▶ **Supplied records**:
================================

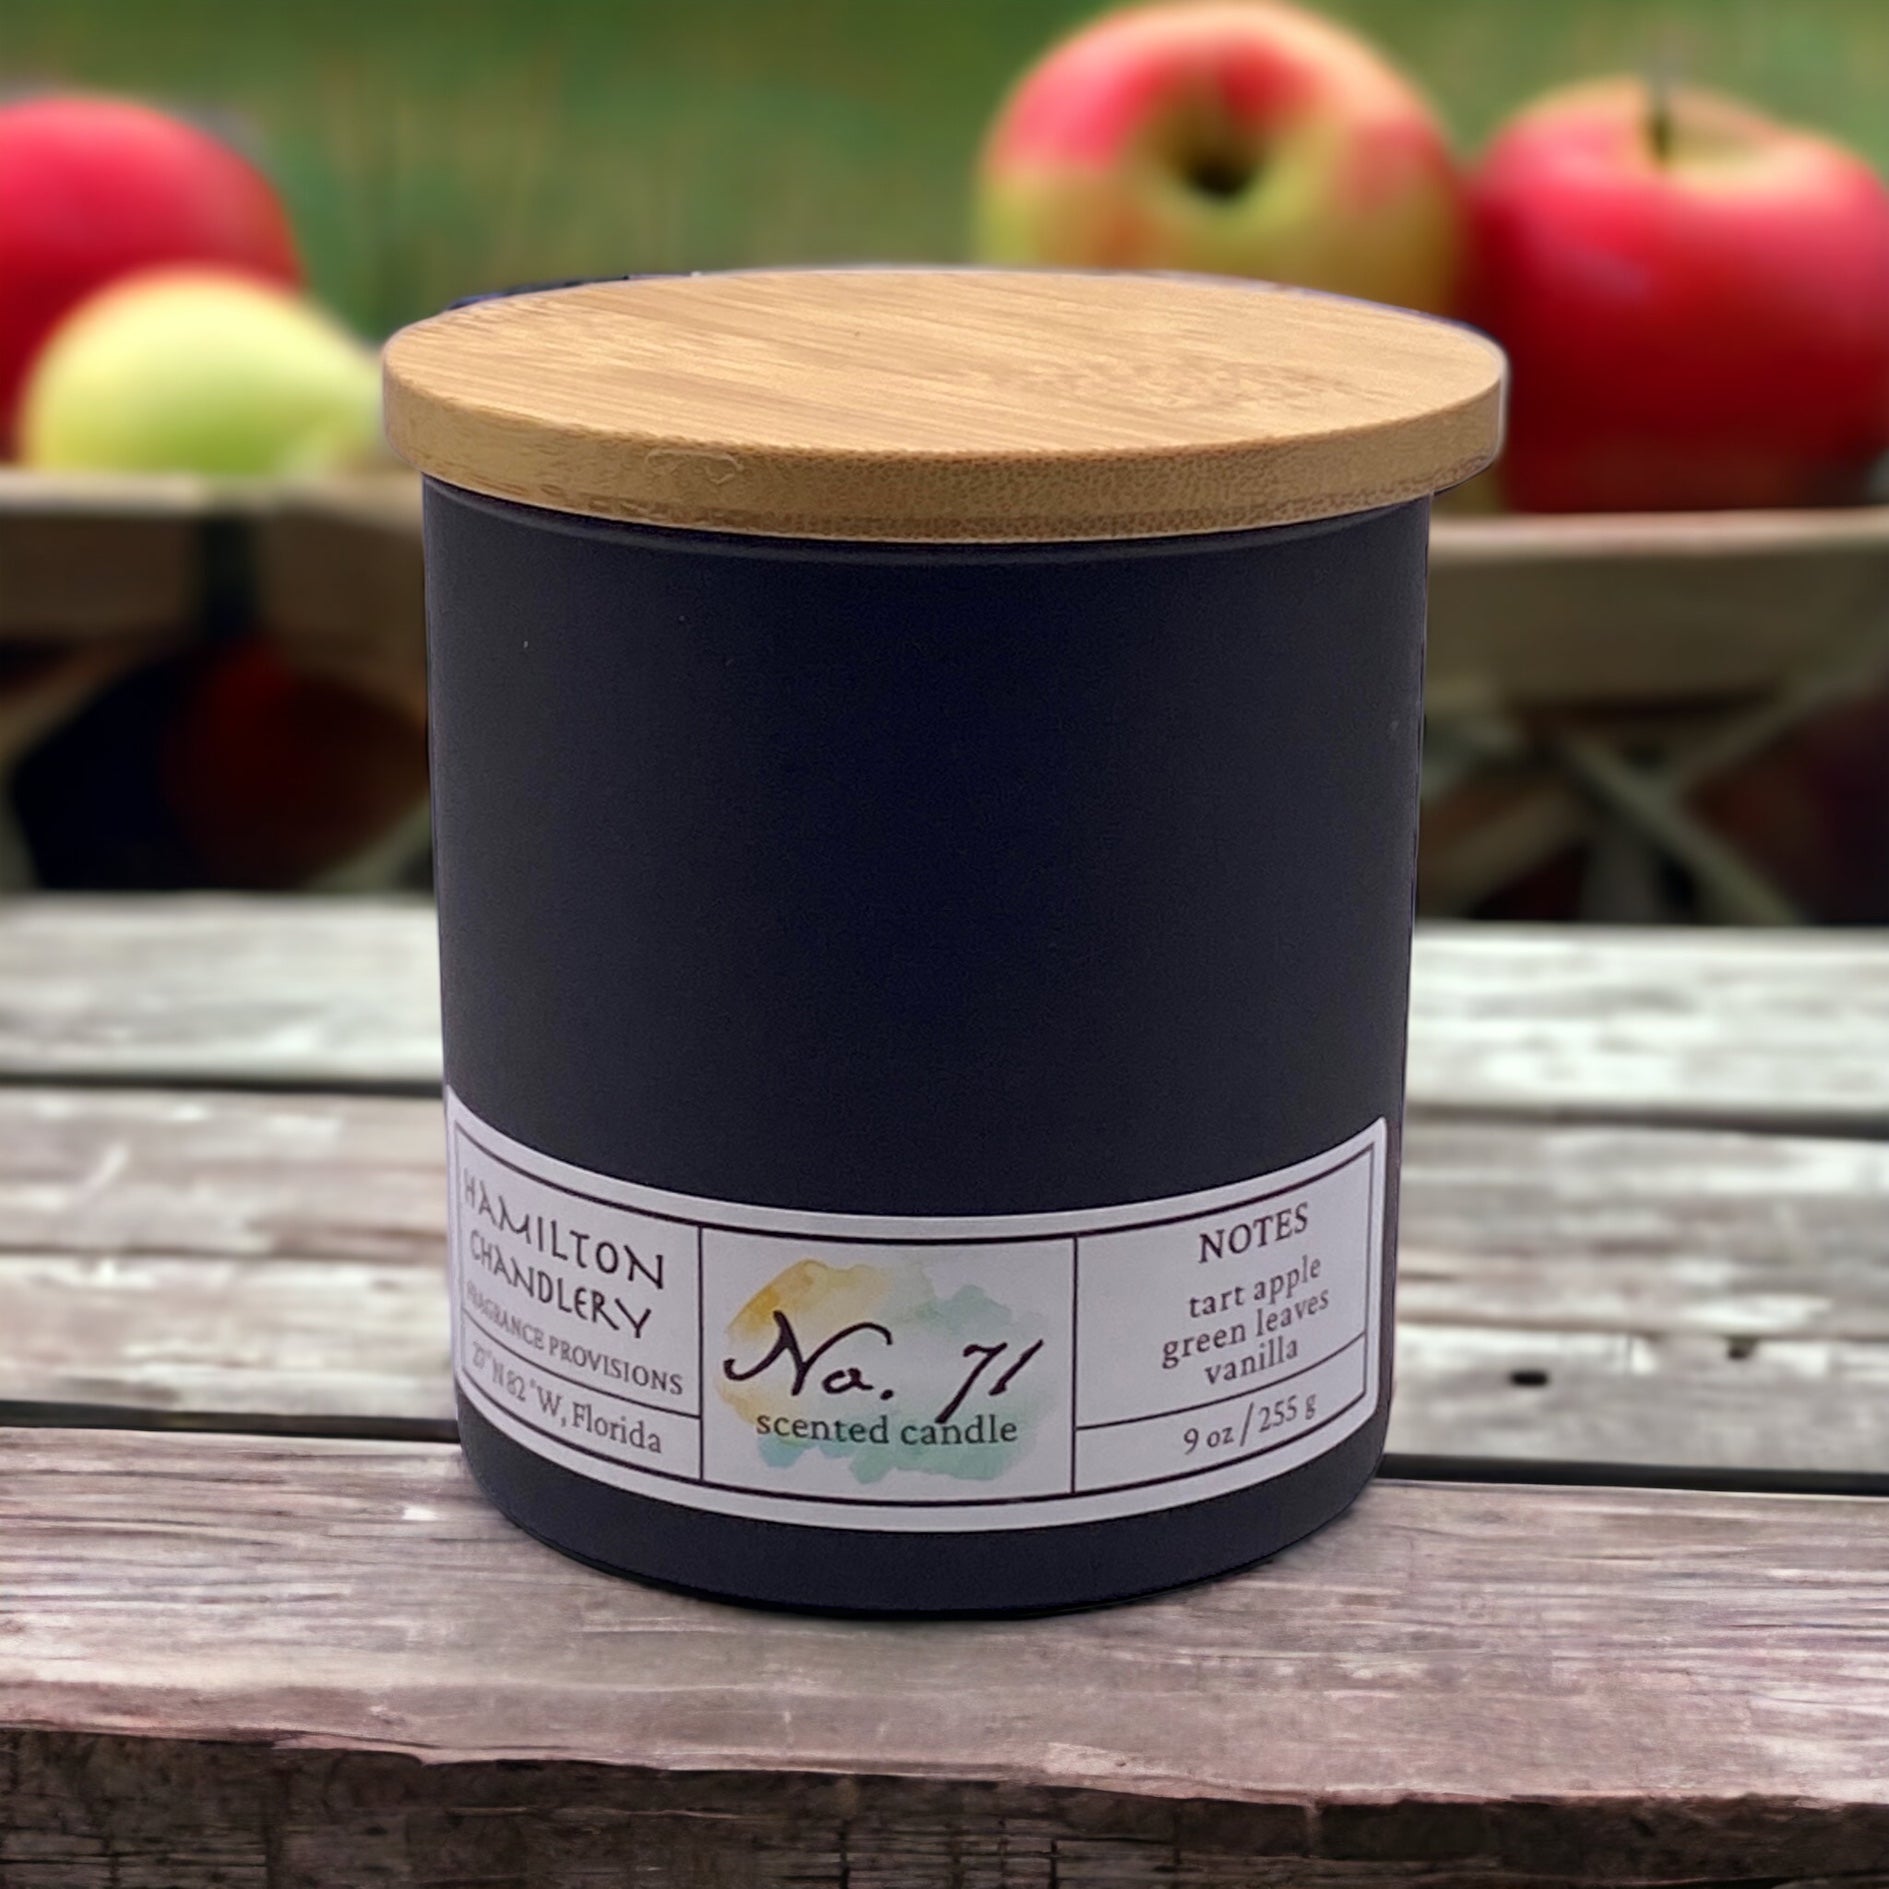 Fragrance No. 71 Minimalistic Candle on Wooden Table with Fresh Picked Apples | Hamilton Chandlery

================================

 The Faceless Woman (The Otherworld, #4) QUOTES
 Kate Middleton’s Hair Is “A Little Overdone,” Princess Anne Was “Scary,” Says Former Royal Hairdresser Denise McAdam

================================

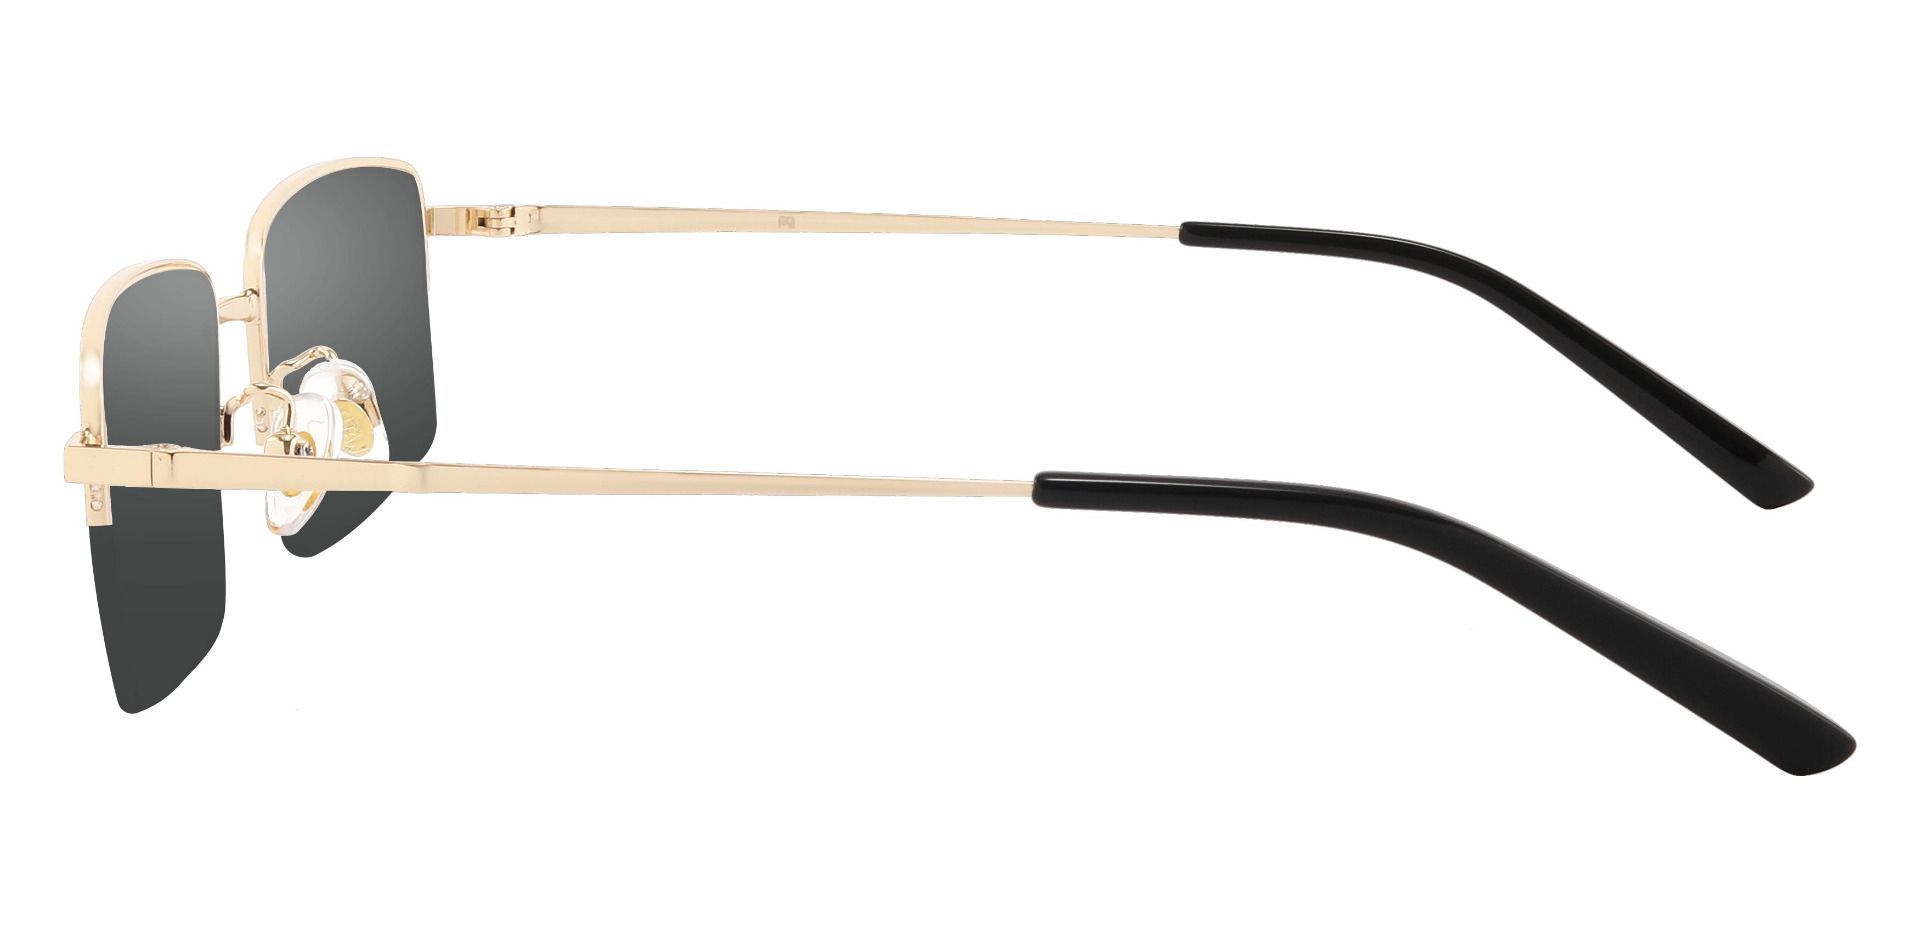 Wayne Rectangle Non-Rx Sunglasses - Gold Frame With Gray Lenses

================================

▶ **Required work**: Give back, word for word, only the lines above from the line holding "The Faceless Woman" to the line holding "Kate Middleton’s Hair", both included.

▶ **Response**:
 The Faceless Woman (The Otherworld, #4) QUOTES
 Kate Middleton’s Hair Is “A Little Overdone,” Princess Anne Was “Scary,” Says Former Royal Hairdresser Denise McAdam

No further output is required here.